SUPPLIED INFORMATION:
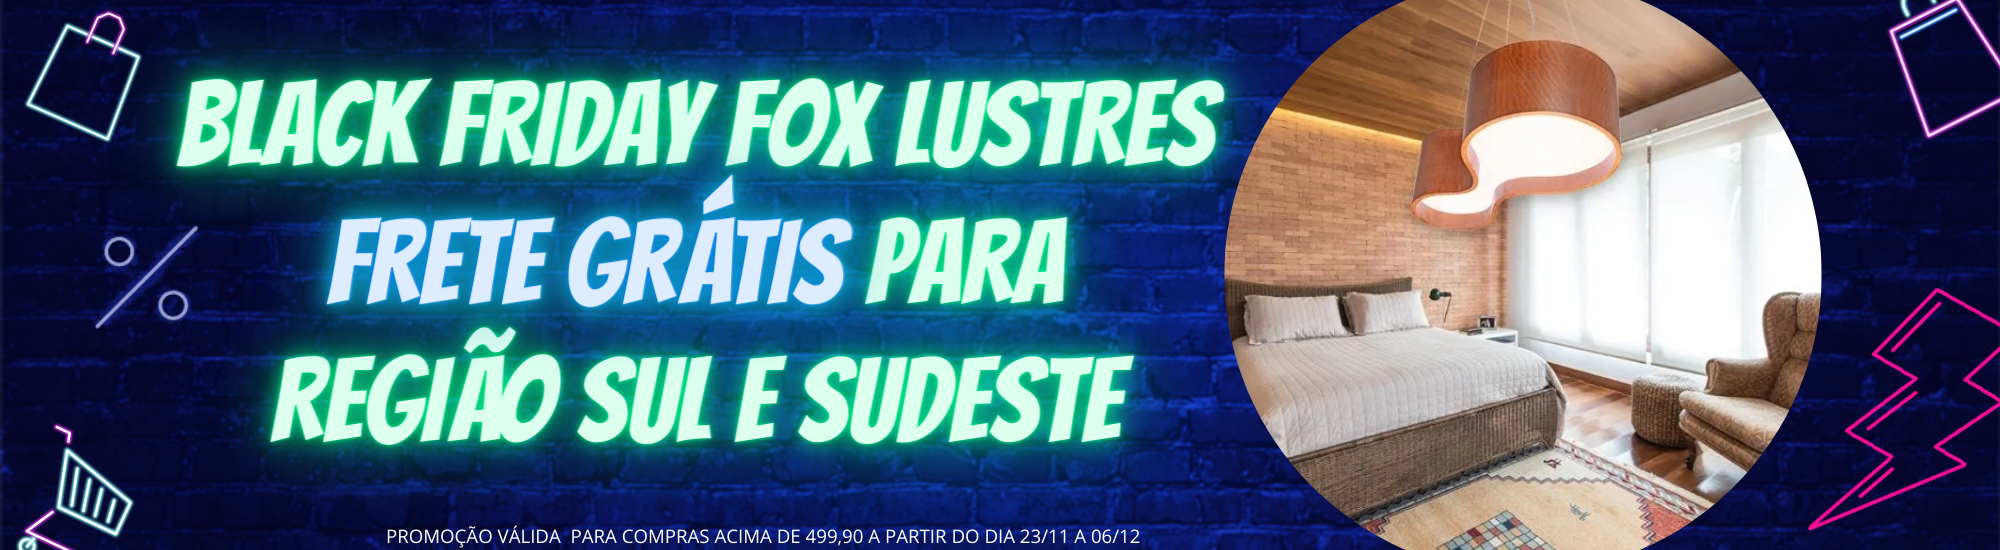 FOX LUSTRES
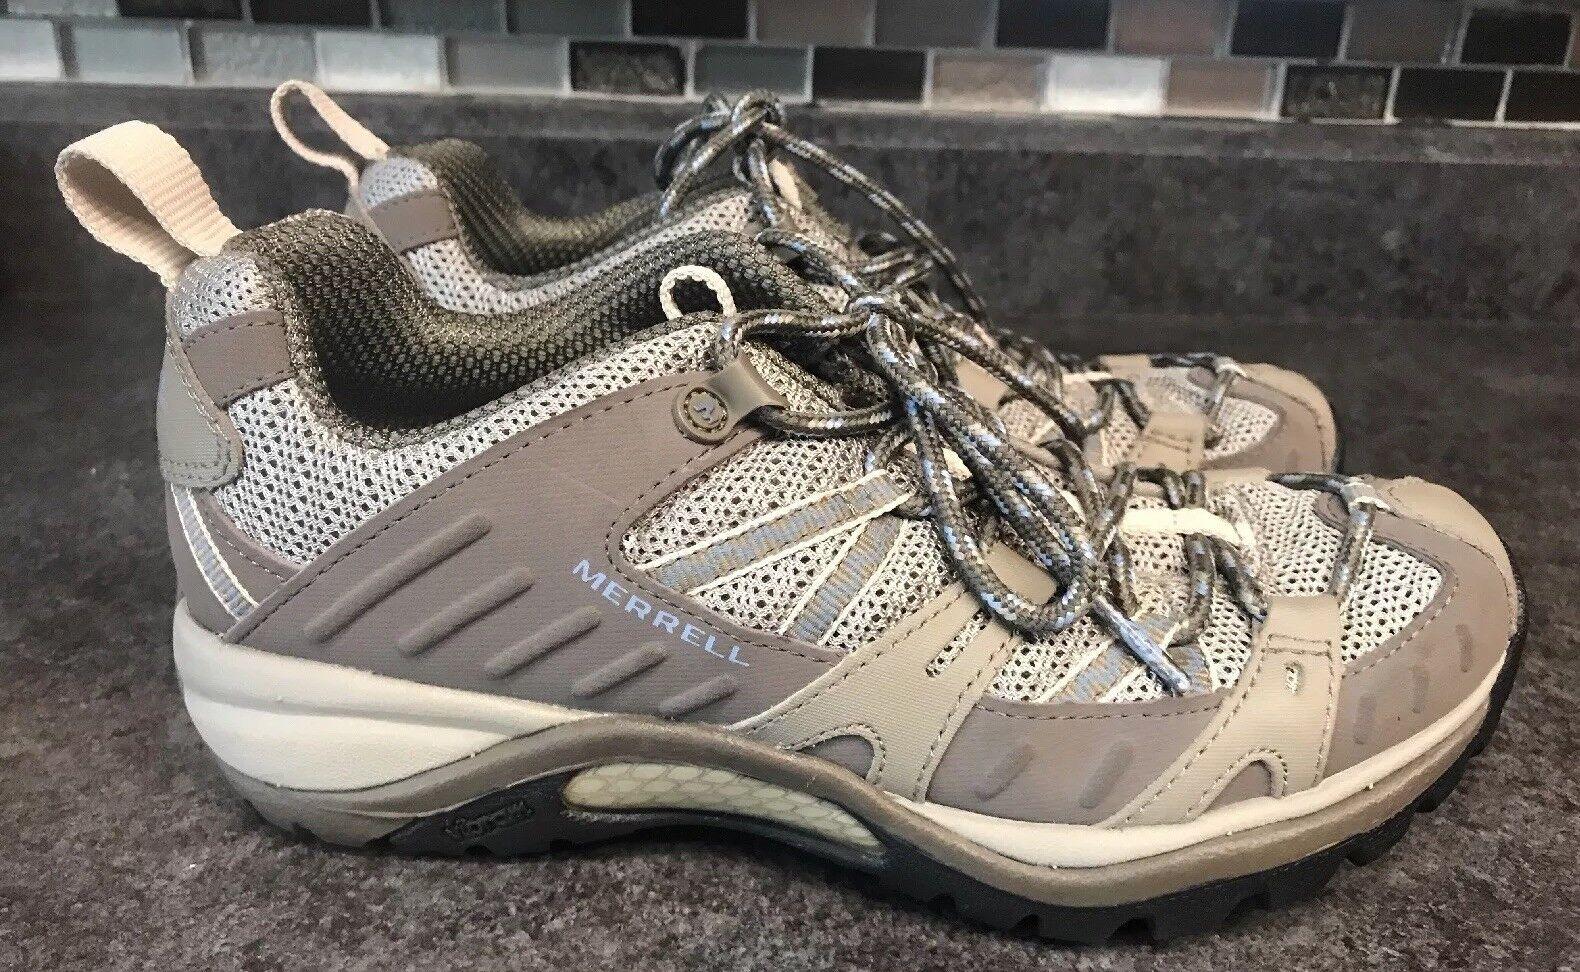 Women's Merrell Moab Dusty Olive WP Waterproof Trail Hiking shoes Size Sz US 6.5
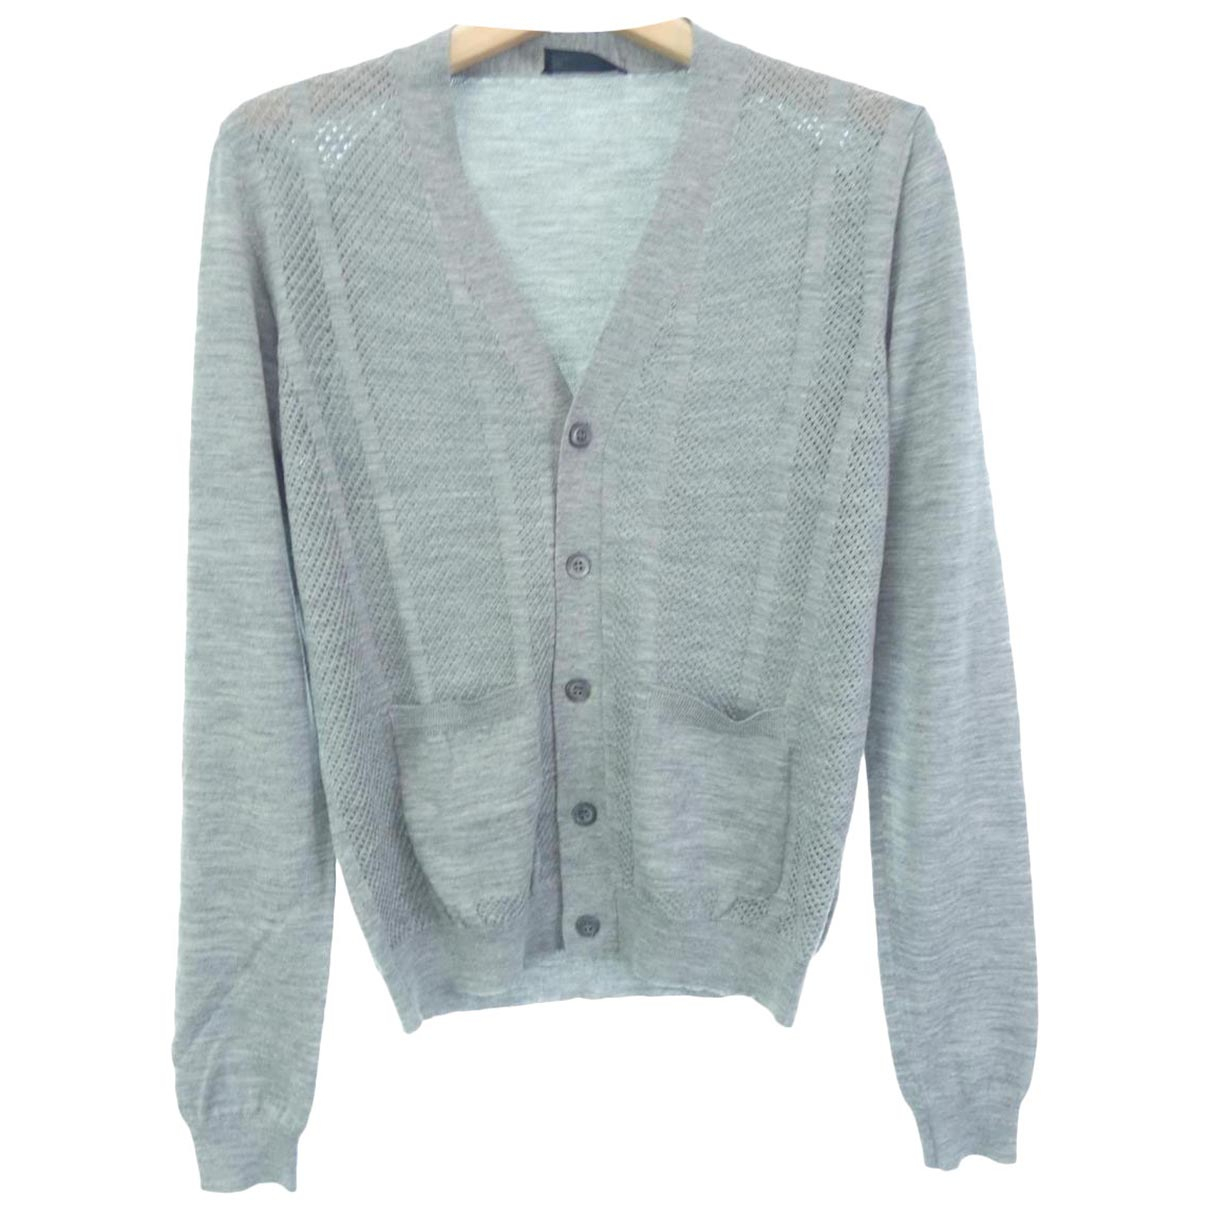 Prada - Tee shirts   pour homme en coton - gris

EXERCISE OBJECTIVE:
The material is to be written out word for word, and the pictures are to be left out.

REPLY:
 FOX LUSTRES
 Women's Merrell Moab Dusty Olive WP Waterproof Trail Hiking shoes Size Sz US 6.5
 Prada - Tee shirts   pour homme en coton - gris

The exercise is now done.